Tom Lane wrote:
"Heikki Linnakangas" <[EMAIL PROTECTED]> writes:
I've started working on revamping Free Space Map, using the approach where we store a map of heap pages on every nth heap page. What we need now is discussion on the details of how exactly it should work.

You're cavalierly waving away a whole boatload of problems that will
arise as soon as you start trying to make the index AMs play along
with this :-(.

It doesn't seem very hard. An indexam wanting to use FSM needs a little bit of code where the relation is extended, to let the FSM initialize FSM pages. And then there's the B-tree metapage issue I mentioned. But that's all, AFAICS.

Hash for instance has very narrow-minded ideas about
page allocation within its indexes.

Hash doesn't use FSM at all.

Also, I don't think that "use the special space" will scale to handle
other kinds of maps such as the proposed dead space map.  (This is
exactly why I said the other day that we need a design roadmap for all
these ideas.)

It works for anything that scales linearly with the relation itself. The proposed FSM and visibility map both fall into that category.

A separate file is certainly more flexible. I was leaning towards that option originally (http://archives.postgresql.org/pgsql-hackers/2007-11/msg00142.php) for that reason.

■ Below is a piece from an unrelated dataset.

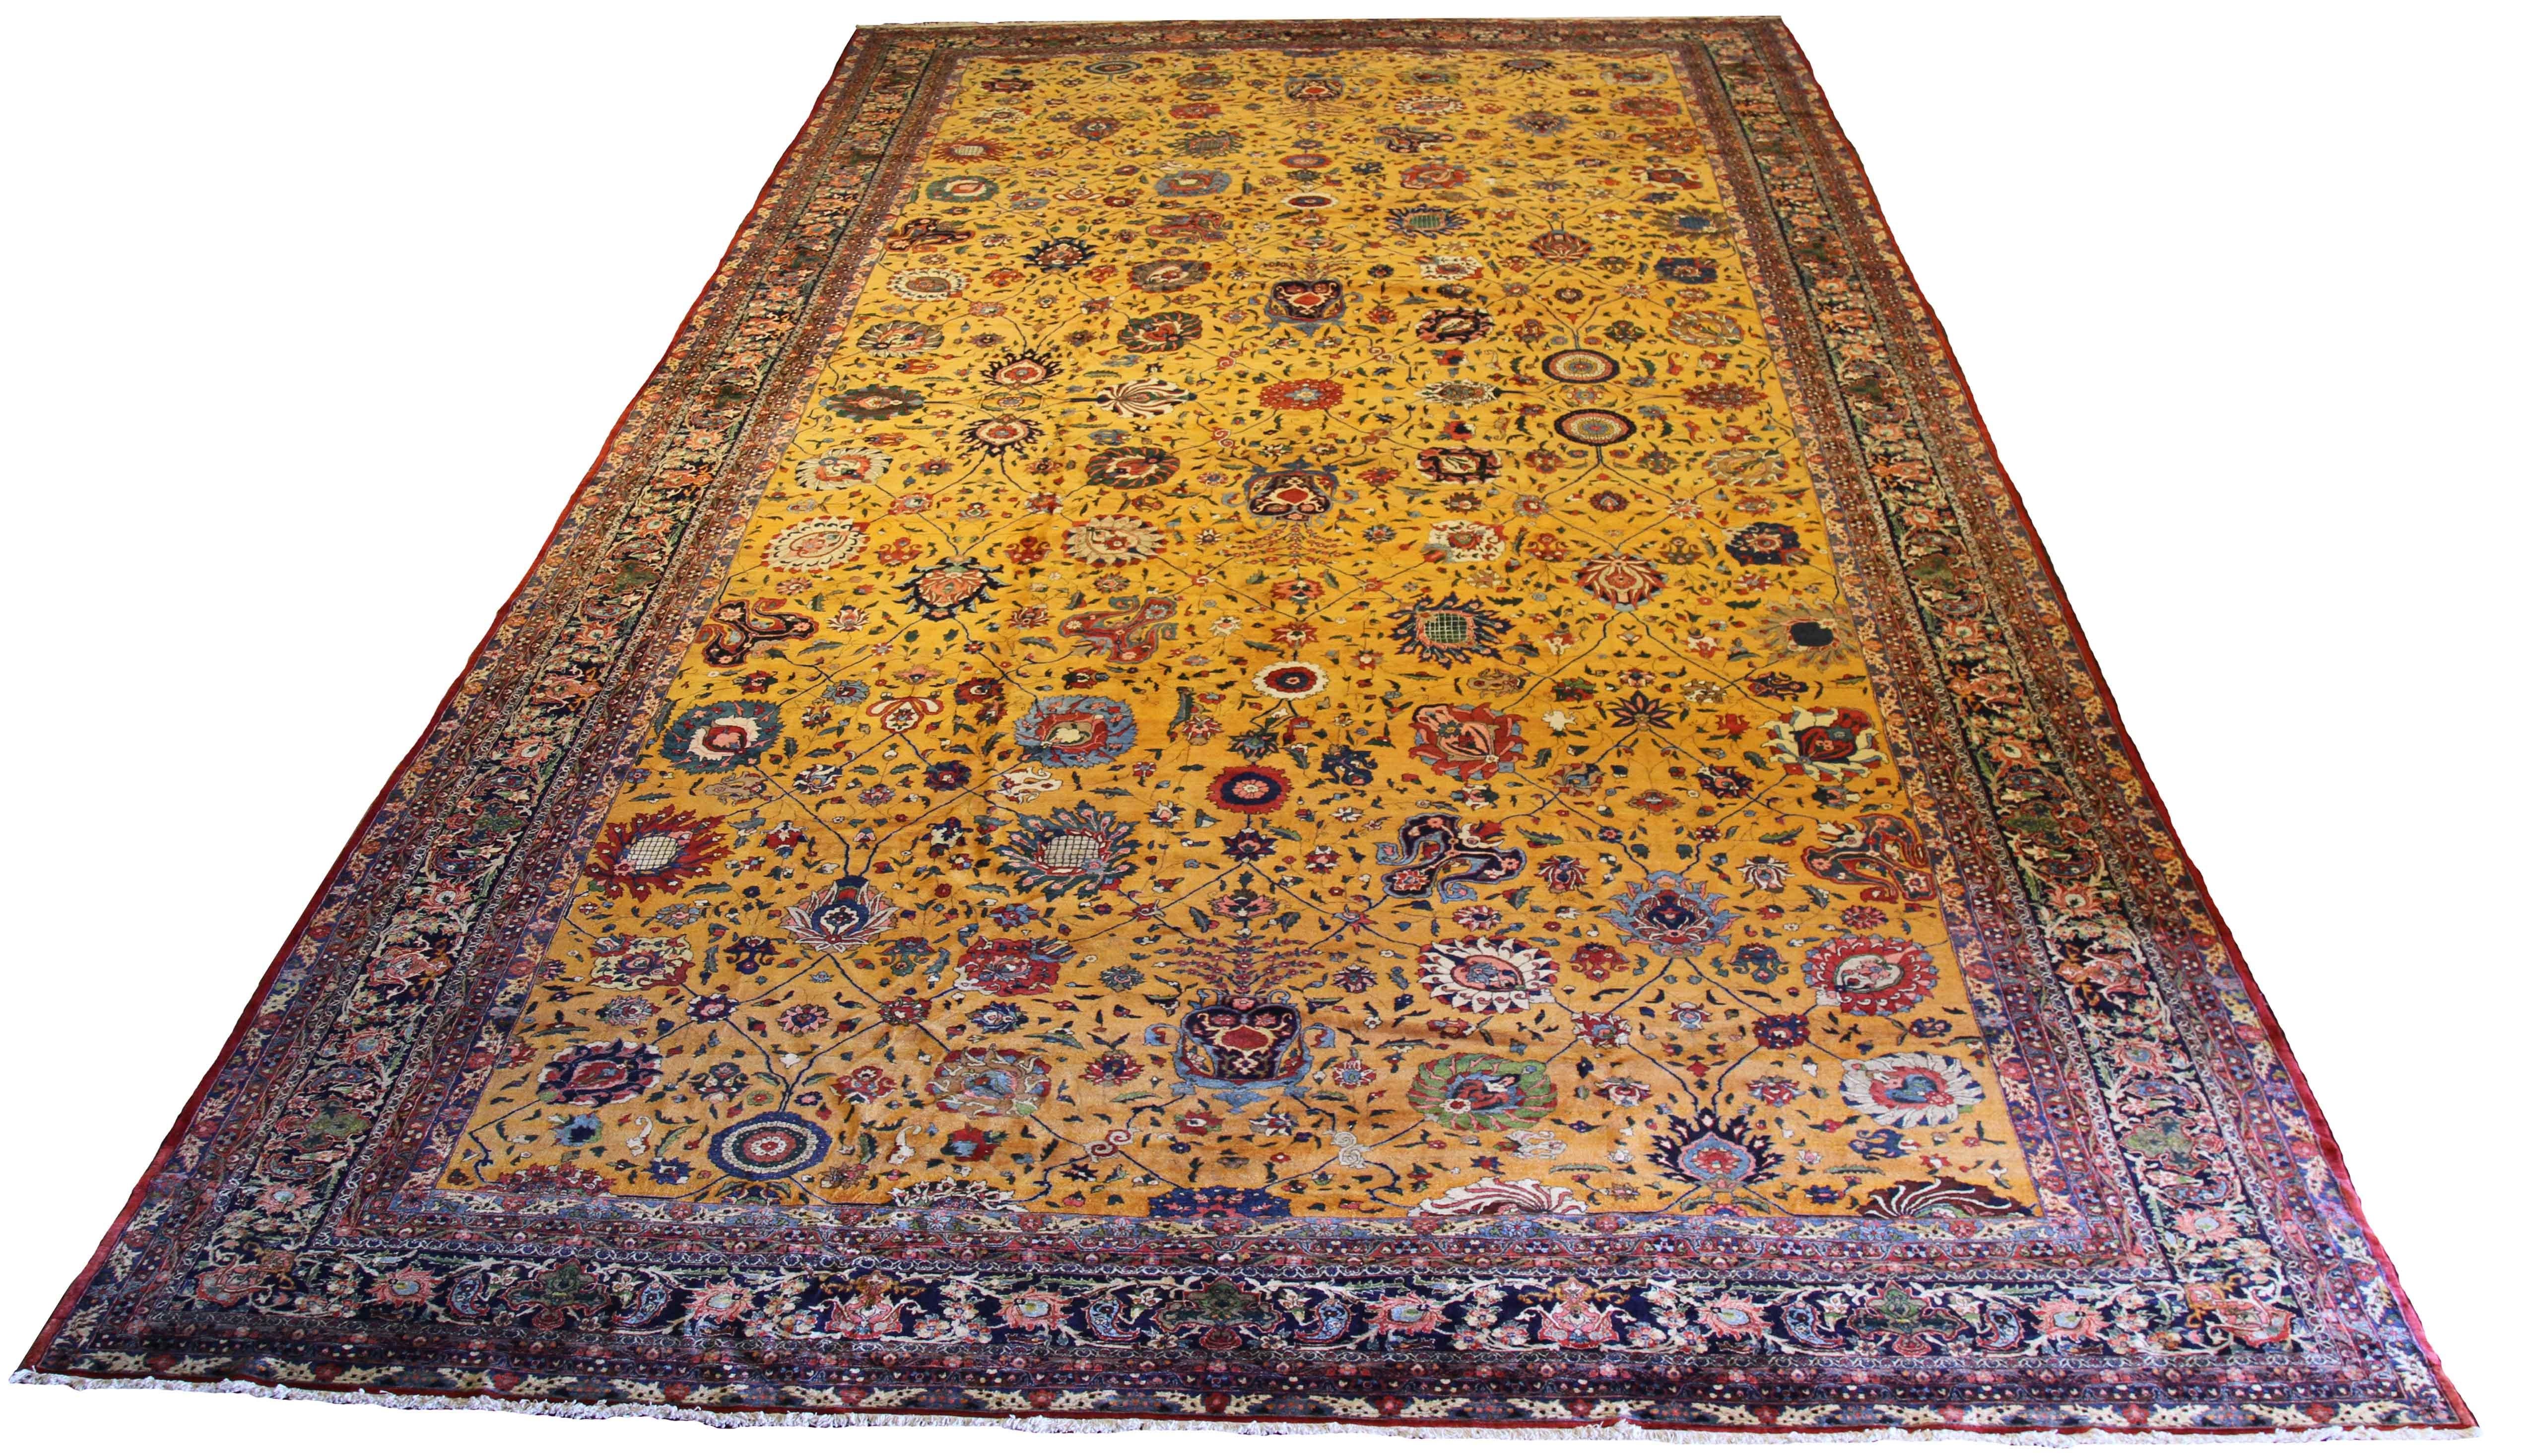 Large antique Persian rug handwoven from the finest sheep’s wool and colored with all-natural vegetable dyes that are safe for humans and pets. It’s a traditional Isfahan Masterpiece design featuring colored floral details on a golden field. It's a

The idea that's becoming attractive to me while contemplating the
multiple-maps problem is that we should adopt something similar to
the old Mac OS idea of multiple "forks" in a relation.  In addition
to the main data fork which contains the same info as now, there could
be one or more map forks which are separate files in the filesystem.
They are named by relfilenode plus an extension, for instance a relation
with relfilenode NNN would have a data fork in file NNN (plus perhaps
NNN.1, NNN.2, etc) and a map fork named something like NNN.map (plus
NNN.map.1 etc as needed).  We'd have to add one more field to buffer
lookup keys (BufferTag) to disambiguate which fork the referenced page
is in.  Having bitten that bullet, though, the idea trivially scales to
any number of map forks with potentially different space requirements
and different locking and WAL-logging requirements.

Hmm. You also need to teach at least xlog.c and xlogutils.c about the map forks, for full page images and the invalid page tracking. I also wonder what the performance impact of extending BufferTag is.

My original thought was to have a separate RelFileNode for each of the maps. That would require no smgr or xlog changes, and not very many changes in the buffer manager, though I guess you'd more catalog changes. You had doubts about that on the previous thread (http://archives.postgresql.org/pgsql-hackers/2007-11/msg00204.php), but the "map forks" idea certainly seems much more invasive than that.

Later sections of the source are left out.